Ceph - a long debug

Kalle Happonen

Geek. Product Owner @CSCfi

Hello again! Yet a longer time between posts, but at least my colleagues on https://pouta.blog.csc.fi are holding the fort!

Generic disclaimer: Ceph Hammer/Jewel, CentOS7

Most of the work was done by our Ceph team, yours truly was partially involved.

Background

We've been using Ceph for a long time, and it's been in production since Firefly. In general it's been working well. Of course we've hit our share of issues, but it's been solid as a whole.

This post is about one specific hard to debug issue. Storage problems are sometimes notoriously difficult to pin down, and this was no exception.

Here's a list of keywords for search engines and your ctrl-f. Ceph slow writes, stalled writes, random performance drops, occasional stalls, few minute write stall

Symptoms

The symptoms of this problem were annoying to say the least, but hard to reproduce. I'm still not sure we're completely rid of them, but is has looked better for the last months.

Occasionally, the Ceph cluster would stall for sometimes a minute, sometimes 3, sometimes 5. It could happen once, or twice/three times in a row. It was clearly visible in the our graphs, and clearly seen on the customer side, but it was never long enough to properly debug, and left very little log trace.

The problem appeared once every few weeks, sometimes once or twice a week. It was random enough and short enough that it was really hard to debug. I think we have had this problem for a longer time, but because it has sometimes been even months between any issues, it's hard to tell.

We have decent monitoring using these excellent collectd modules. Using these we found that our cluster throughput just tanked. Basically no data in, no data out. The radosbench is run every minute to check latencies. These were usually missing when we had the issue, so not even radosbench got an answer. So at least it wasn't a problem with a specific pool.

Latency

Sadly the data has already been aggregated, and the granularity reduced, so I can't show the exact graphs, but here at least you see the more active period of the problem from February to May (and a few operator whoopsies after that). The latency peaks correlate with the missing latency reports which aren't visible in this granuarity.

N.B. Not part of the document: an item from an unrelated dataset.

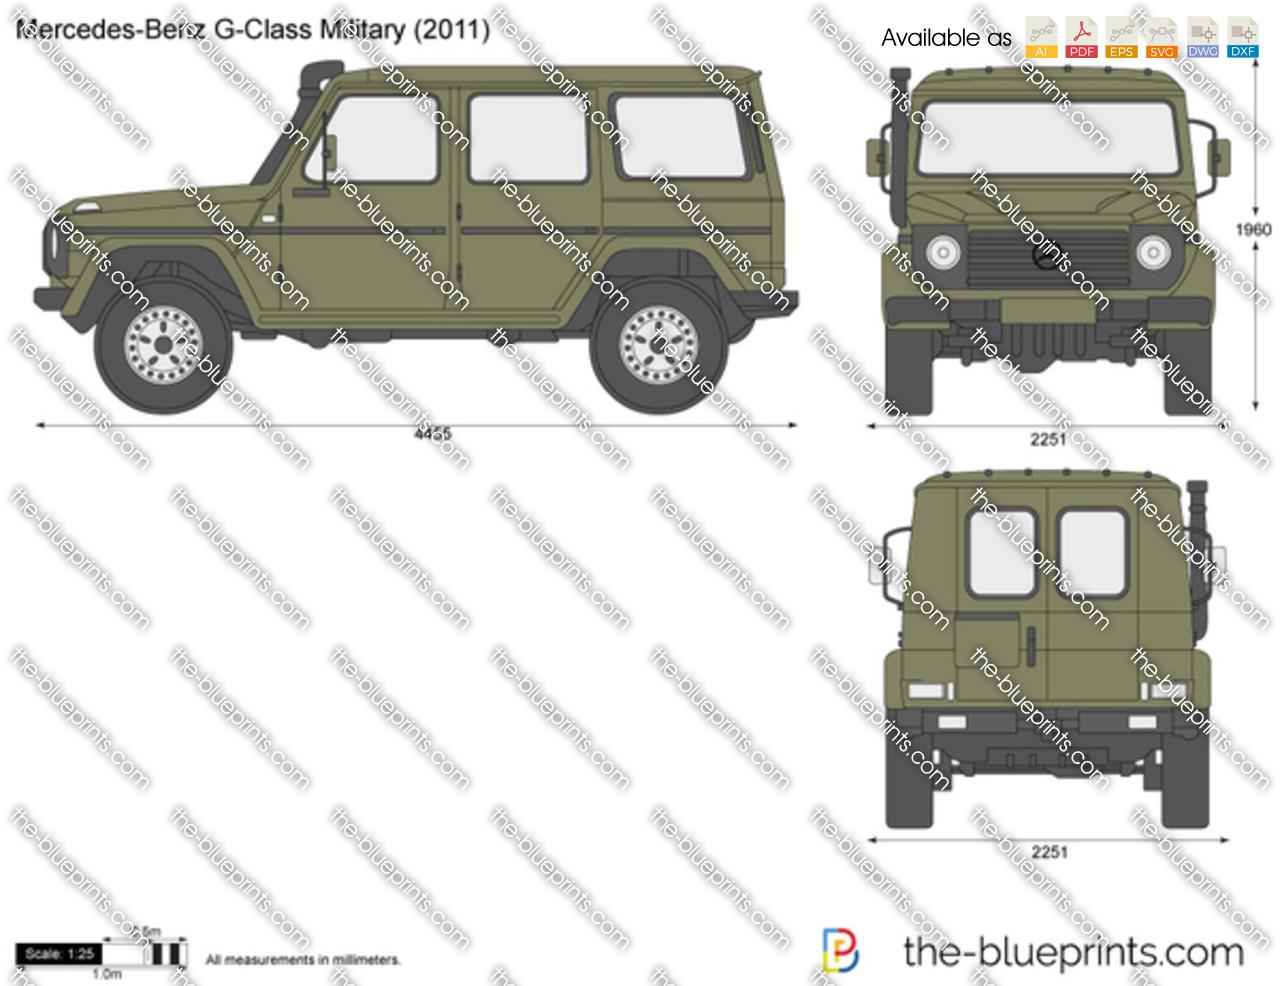 Mercedes-Benz G-Class Military 461 1994

On the client side, the Qemu logs were basically of just as little help as the Ceph logs. There were some timeouts with OSD connections, which I guess is normal if the cluster isn't answering. The connection timeouts were also spread out across OSDs, and didn't match up with specific OSDs or servers, no matter how much I wanted to see patterns to have something to blame.

Fixes?

We tried a lot of different things to fix this. Restart OSDs with high commit latencies (which are also visible in Grafana, it's great). Take some suspected possibly bad nodes offline. Make sure there is no network interference. Update Ceph. Tweak Ceph client/server configs. Turn off deep scrubbing. Turn on deep scrubbing. Turn off deep scrubbing again. This all took place over months while debugging efforts continued.

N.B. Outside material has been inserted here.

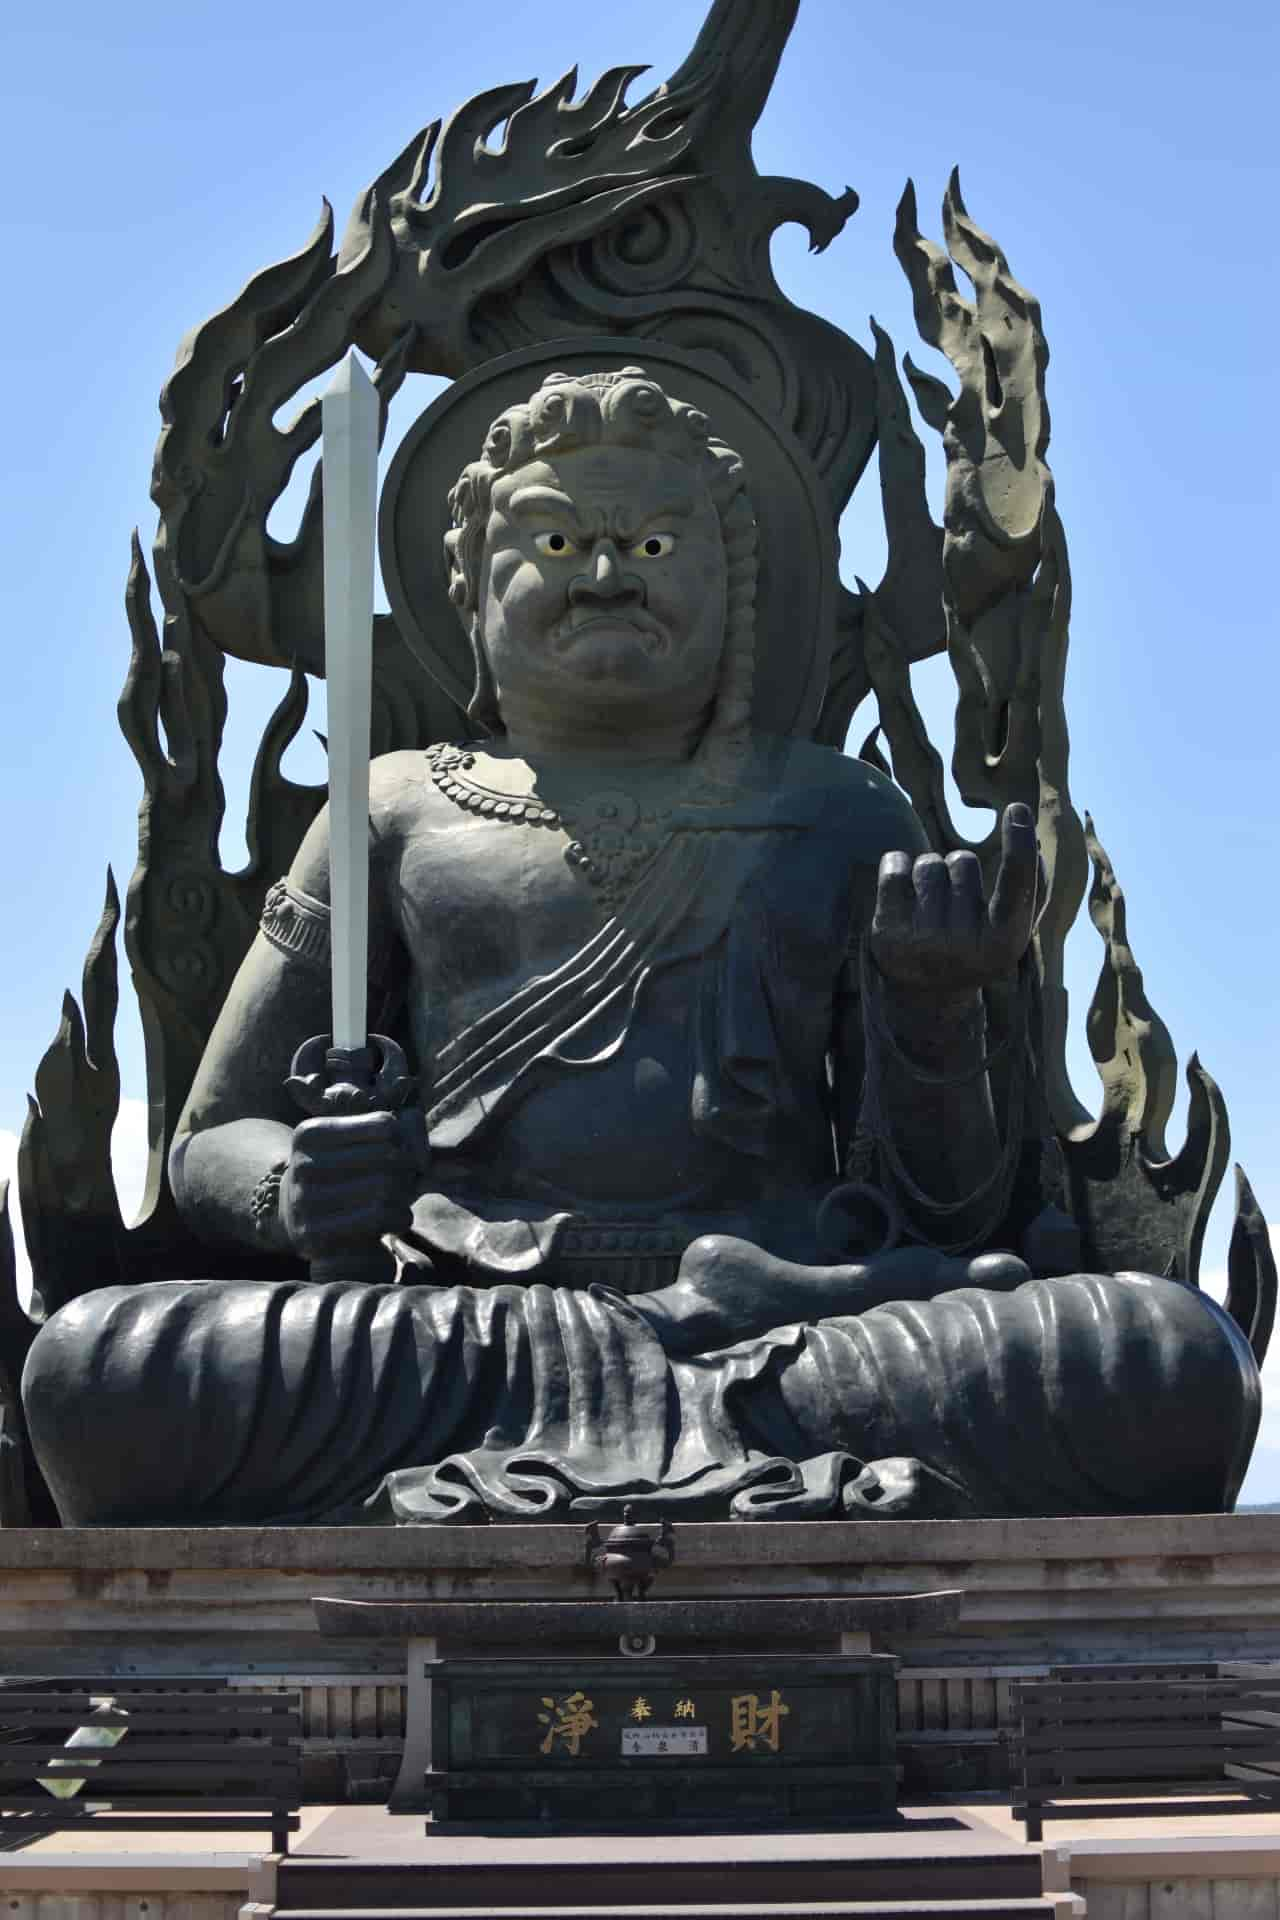 千葉県成田市にある成田山新勝寺の御本尊は不動明王

At some point we looked at our virtualized MON nodes. We saw the load rise on them occasionally, and some of the higher loads coincided with the slowdowns. Looking at it later, I think we saw patterns where there were none, there were also just as high loads without any problems.

Either way, based on the data we threw some more CPU and memory at the MON VMs, and rebooted them. I would like to say Boom! It got fixed. Due the random rare pattern of the problem it was more like

We haven't seen this problems in now three weeks. I think we did the monitor node fix around that time. Maybe it helped?

I'm also not sure if it was the additional resources that helped, or simply rebooting the nodes after a long uptime.

Now?

We've had a few months now without this exact problem. So I think it might be fixed. It might come back after a long monitor node uptime, or it might be gone forever. Most likely we'll see the same symptoms at some point, and think it's the same case, while it might be something else.

The best case is that someone as desperate as I reads this blog post, reboots their MON nodes and solves the issue in a a week instead of months (and sends me a beer over the internet).